Let’s face it: when we are invited into a company as consultants, we’re not going in to a great company. Great companies rarely need consultants. Most of the time we are going into a company that is resoundingly anti-Requisite where people have been reorganized time and time again, or had change forced down their throats, and where management wrecks apart groups that coalesce into strong work teams. I’d say that all of this qualifies as anticlitic depression blues (ADB) making material.
Middle managers may be more likely to have ADB than the top of the bottom. The top still dream of big things: most in the executive suite can make a reasonable case to themselves for becoming part of what Art Kleiner calls the in-crowd of the organization. (See “Are you in with the in-crowd?” in the May[?]HBR or Kleiner’s book.) Middle managers have often gotten to where they are by buying into the system more so than upper managers or the bottom. Lower level workers don’t have enough information to really understand what the corporate values really are, except that they get shafted a lot. Middle managers grew to their positions by following the value system extremely closely. This leads them to become Defenders of the Faith, as it were, even though they don’t like it.
You know, come to think of it, it’s not that the lower rung isn’t accepting of change but that most of the changes that we’re talking about don’t affect them all that much. That is, their chances for advancement aren’t going to look substantially different in a requisite organization than in a non-RO. They hate change all the time, which is why you have to introduce a new process with care.
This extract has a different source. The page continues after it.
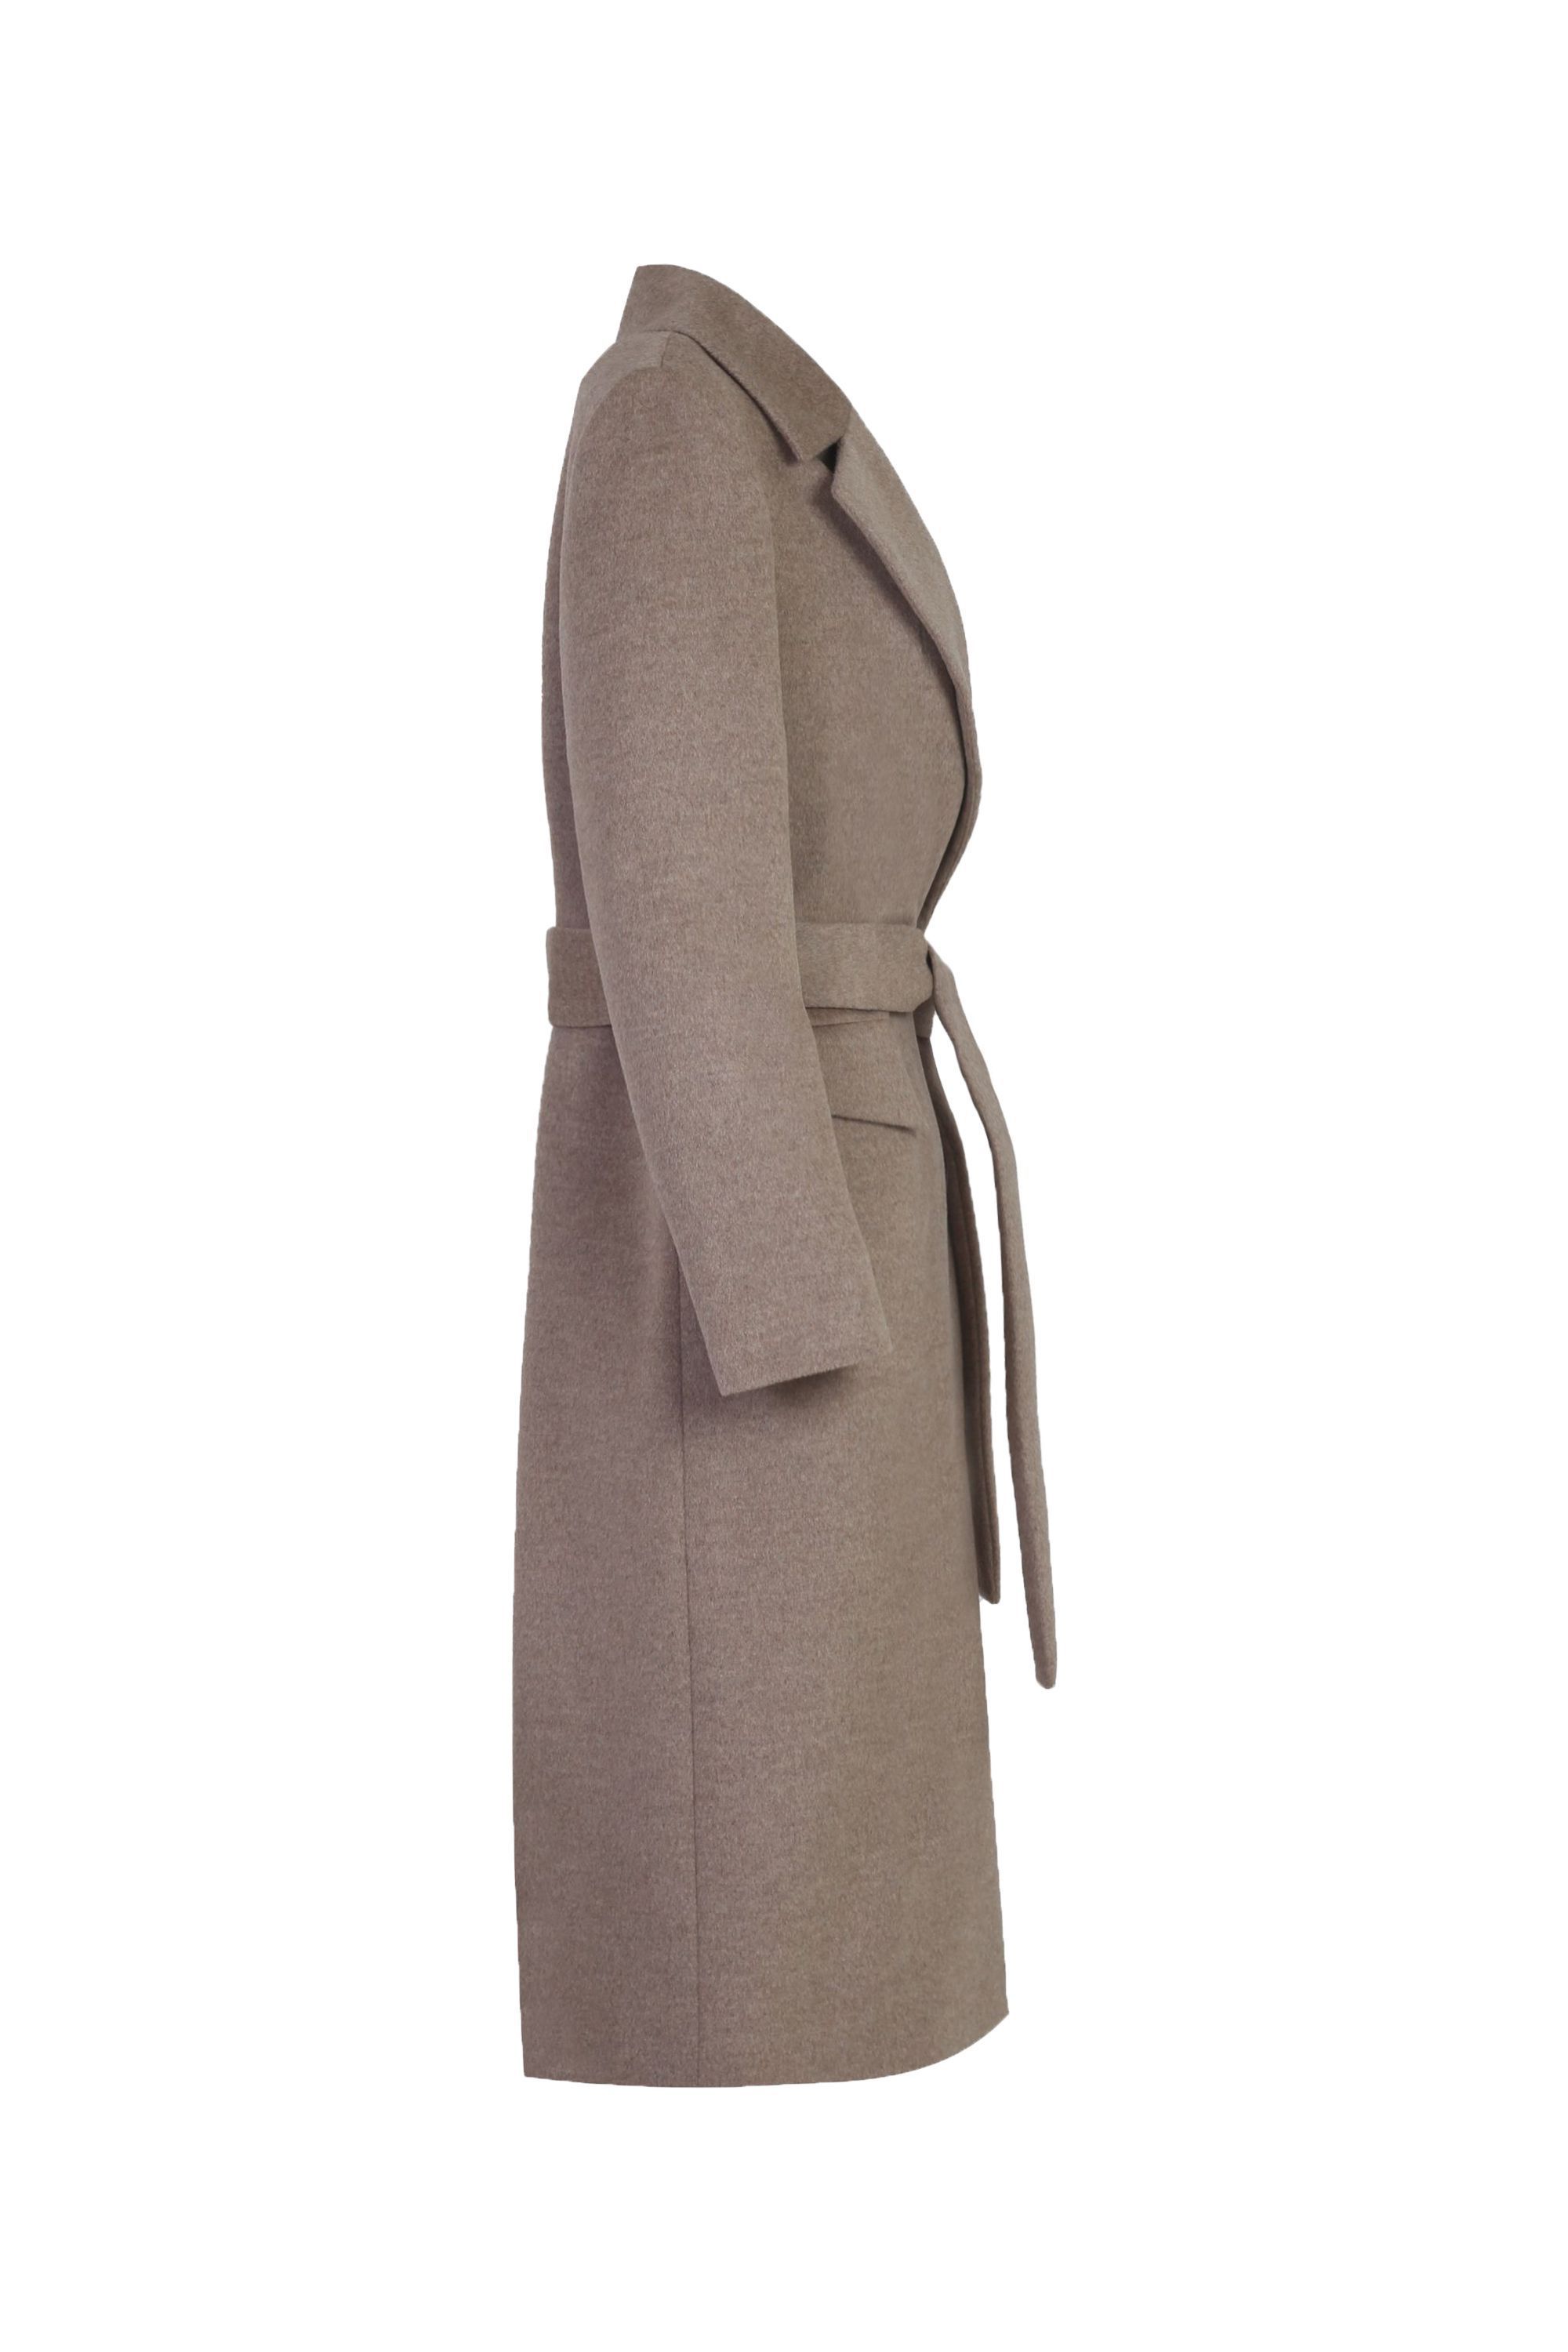 Пальто женское демисезонное 1-12253-1. Фото 2.

Still, we have the middle managers, most of whom will not advance beyond where they are and who know that they are currently in positions that they are incompetent to fill. If I come in with a Real Boss theory, I will threaten them. They have based their lives and futures, including the futures of their children, on a system that I say needs thrown out. I will be threatening them with the Anaclitic Depression Blues. It takes a long time to get out of the shadow of that threat.
Let’s say that I am a grade 4 manager whose job is Str III but I’m StrII. I’m getting paid for StrIII work even though I’m only doing it at StrII. I have a mortgage and the kids’ college tuitions based on what I am currently earning. You threaten to reduce my wages. That’s not fair! Sure, I know that you are paying me more than I am worth. That’s why I don’t leave and why I get rid of all the people underneath me who might show how little I really do. Sure, it would be for the good of the company and shareholders if I worked at the right level, but it won’t be for the good of me. And everyone knows that no one works for shareholders.
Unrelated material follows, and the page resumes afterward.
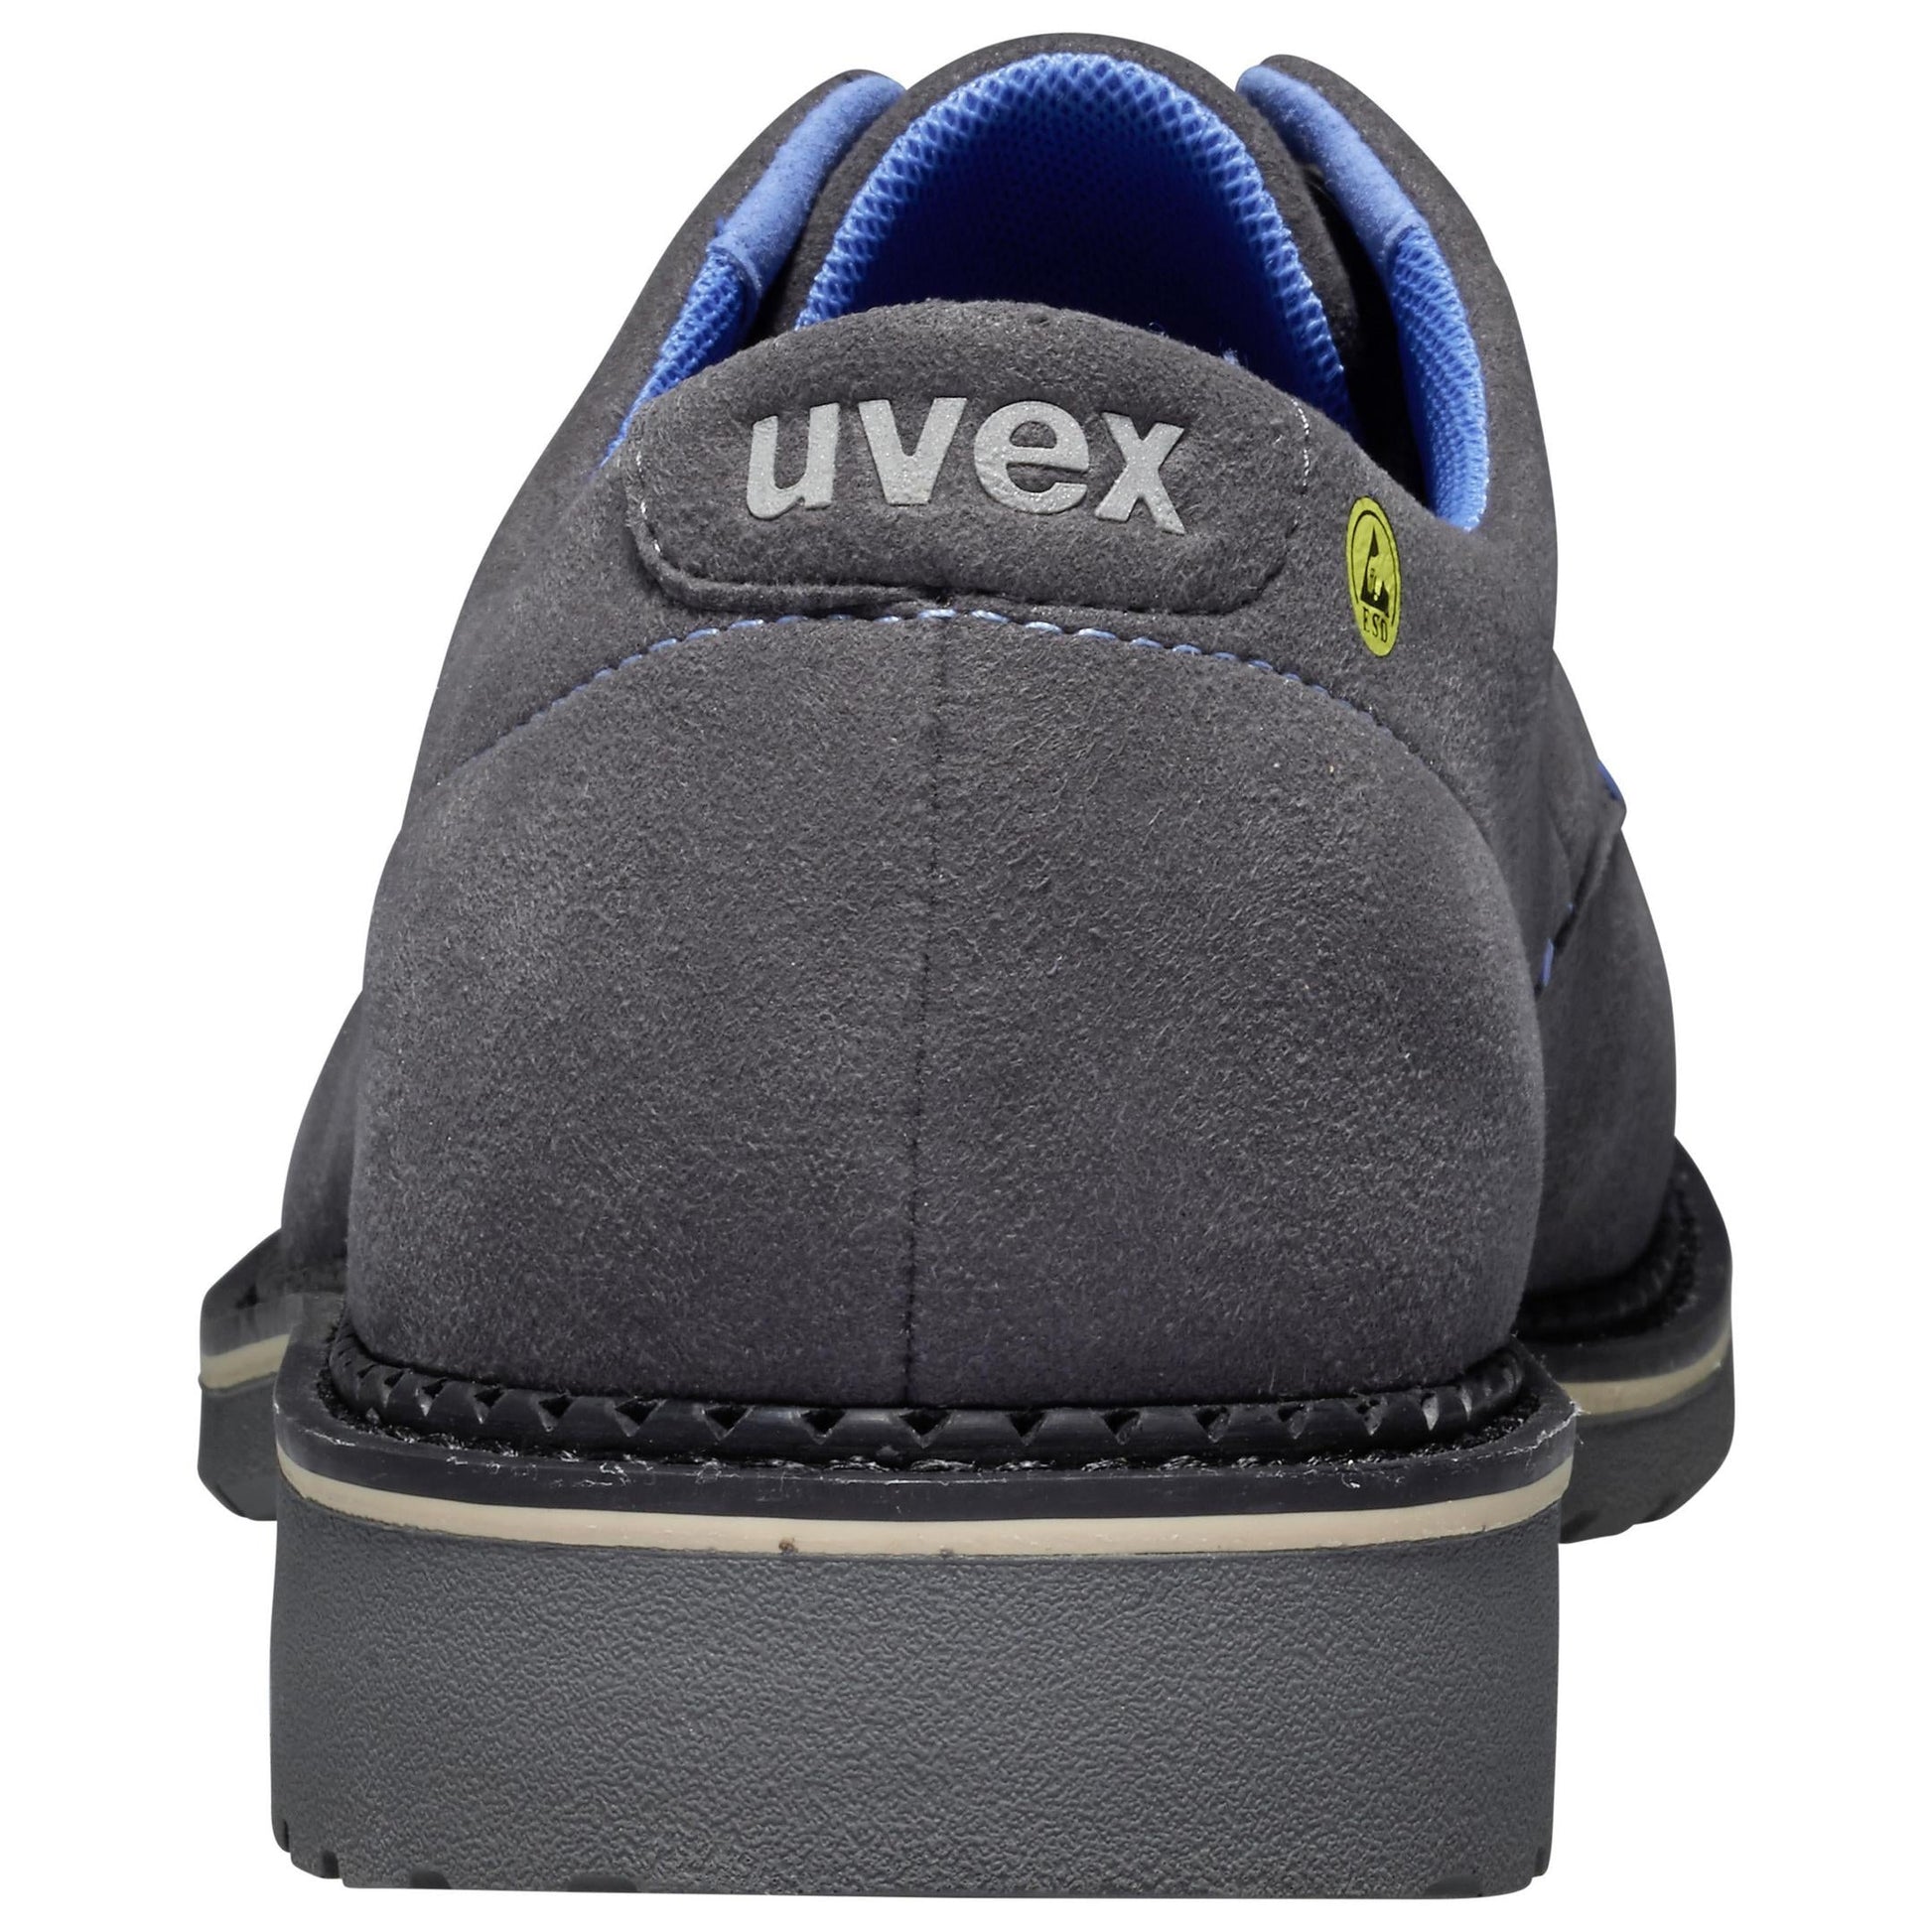 uvex 1 business Sicherheitsschuh S2 Halbschuh- sicher, stylisch, super bequem1

If you have a radically non-Requisite structure, you will have a dickens of a time getting it straightened out. Let’s take BIG for an example. BIG’s IT group used to do MIS: straighforward management of mainframes. Any innovative new systems were more or less created by teams of outside consultants from the large programming firms. Persnicketty mainframe problems were solved using high-end consulting technicians from the mainframe vendors.
This organization required nothing more than StrIII: a real manager who could set yearly budgets and goals, with some department heads and then workers. There wasn’t any innovative or high-level work that needed to be done. So you have a CIO at StrIII and people below that. It worked great.
In the 1990s, upper management got hit with the big Internet surprise, and this Internet thing — well, by 1998 they’re pretty sure it’s going to take off. They need a highly mobile, innovative, responsive and creative IT organization that can rewrite a lot of their twenty to thirty year old applications to work in the more decentralized world. Unfortunately, they asked their existing IT structure to handle it. They ended up with an explosion of staff (currently about 5,000 with another 3,000 externals across the US) doing several concurrent 3-5 year projects. All being managed by a StrIII CIO.
Cascade this down. Imagine that I used to be a StrII manager with StrI subordinates (and an occassional higher mode one that I would try to pawn off on another team or get fired). The management asked me to put together a team of programmers to do a 3 year project. I hire the people I can manage. Which means the project fails miserably, at least in 100% overruns and us having to call in external consultants to save it. Now repeat all across the organization. Even HR wouldn’t be much help if they were the ones hiring because I don’t want people who are “too smart for their own good”; that is, higher stratum than I am.
There was no way to use the existing management structure or people to do the job that they needed done. They needed to hire a new IT management staff from outside the company. This went against company norms and mores.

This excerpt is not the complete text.